Ellsberg later began leaking that information — what became known as the Pentagon Papers — to The New York Times.

Fake news, right?

The truth is, it would be next to impossible for our teachers to touch on every aspect of every conflict.

They can only strive — as P-C did by showing Jim Hamlyn’s Vietnam documentary — to inspire curiosity in their students and hope they seek to satisfy it over the course of a lifetime.

“There’s so much more to it than we think,” Paton-Churdan sophomore Joe Carey said of Vietnam after seeing Hamlyn’s film.

Even then, old questions will undoubtedly give way to new ones.

One of the stories I’m most proud of during my time here as editor is my 2014 feature on the now-late Bill Kendall, the Jefferson resident who lived the entirety of his life on the same block north of the tracks. (I saw the other night that the story had been framed and is on display inside VFW Post 9599. That, to me, is a huge honor.)

“I haven’t went too far in life,” he told me.

That, of course, was utterly false.

As one of the Army’s first Green Berets, Kendall spoke of kicking supplies out of a transport plane over the jungles of Laos clear back in 1956 to be used in the Royal Laotion Army’s fight against a communist insurgency.

“This was not going on in ’56 and ’57,” Kendall said, echoing the official position on American involvement in Southeast Asia.

In Vietnam, Kendall was part of MACV-SOG, or the Military Assistance Command, Vietnam - Studies and Observation Group, which trained and advised indigenous guerillas — recruited from such ethnic groups as the Montagnard and the Chinese Nung — to act as counter-insurgents.
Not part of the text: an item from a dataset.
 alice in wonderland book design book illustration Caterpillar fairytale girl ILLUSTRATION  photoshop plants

Operations took them across Vietnam’s borders to Laos and Cambodia.

“I can say it,” Kendall told me that day, “we had assassination teams.”

He would only hint at other things. And when I left his house that day, I left with new questions.
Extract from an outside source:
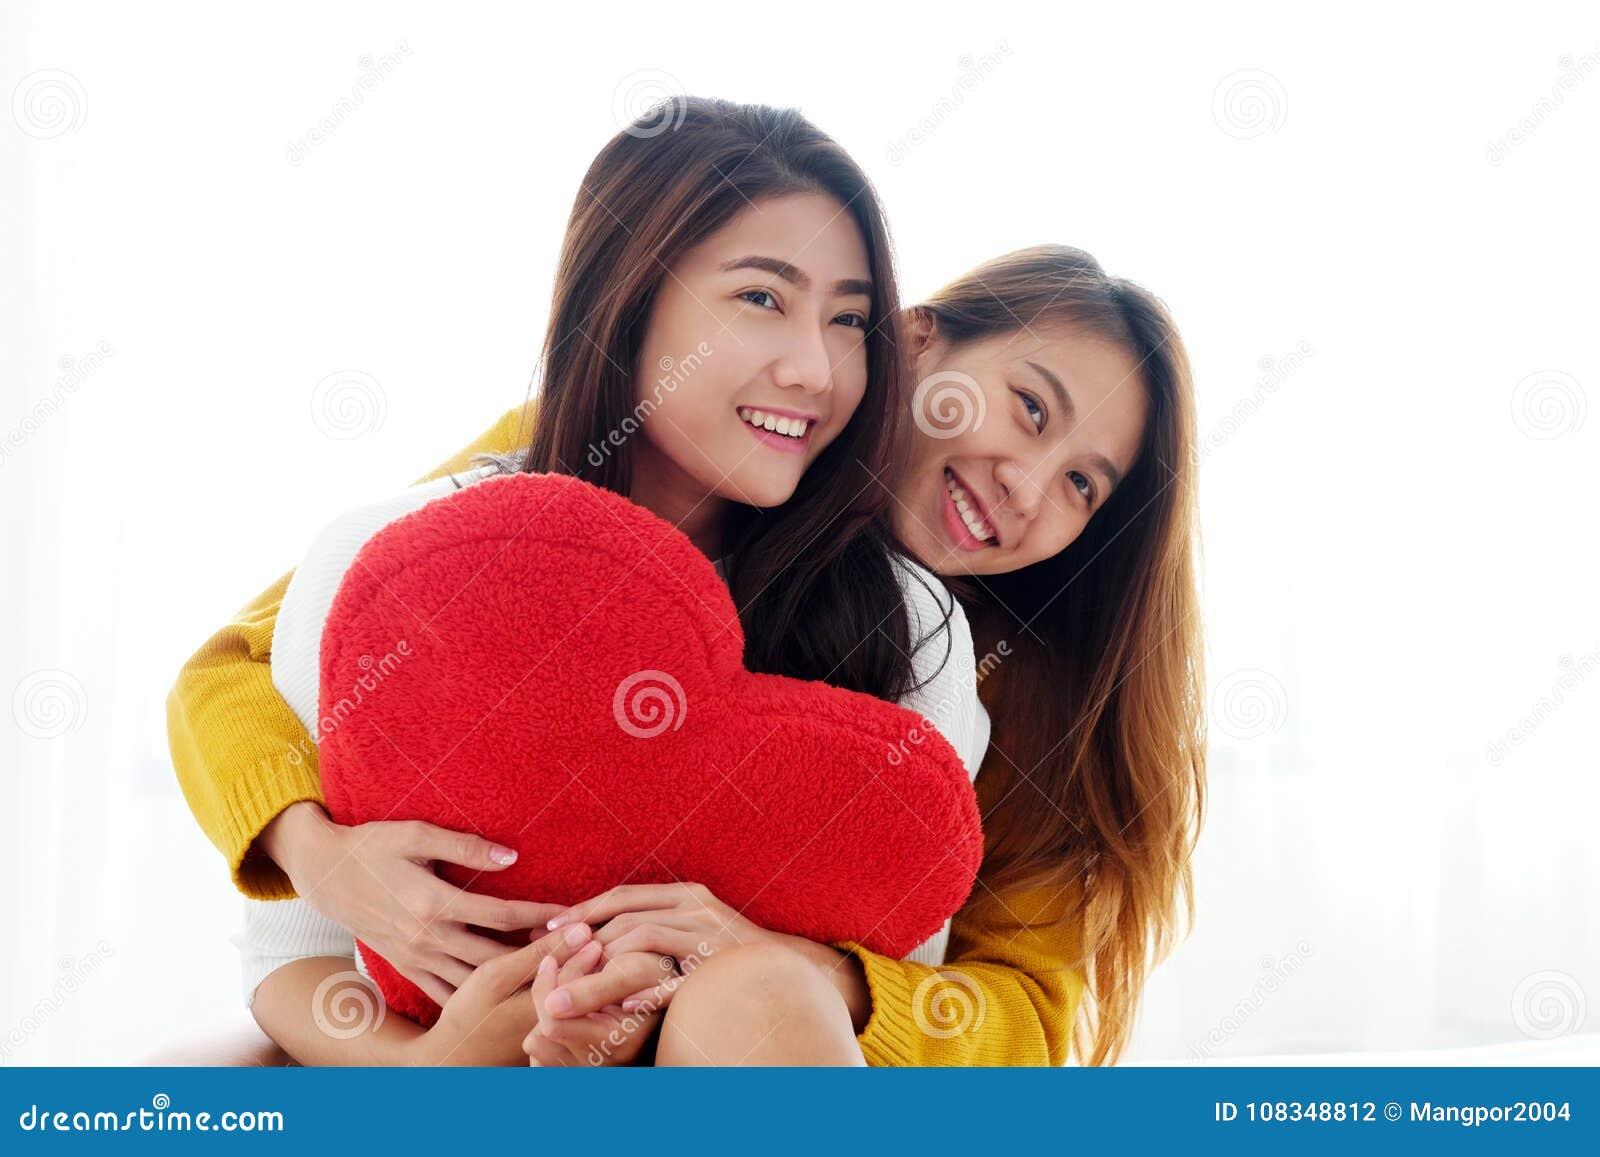 Cute young lesbians

Chief among them was a story about Kendall’s time down in Panama in the mid-’60s.

“You ever hear the name Che Guevara?” Kendall asked, then told me I should read up on his demise.

What’s known is that Bolivian Rangers caught up with the iconic communist revolutionary in 1967, promptly executing him.

What’s less known is that they were aided by a unit of U.S. Green Berets from Kendall’s Special Forces group in Panama.

It’s amazing that one man here in Jefferson could shed even a little light on history that remains very much in the shadows.

Too many wars, too little time.

On a personal note, when I was growing up, I knew Kendall only as some guy who worked at the G&M grocery store. 

I’m pretty sure I even swiped a pack of baseball cards one day on his watch.

I only know now that he let me live.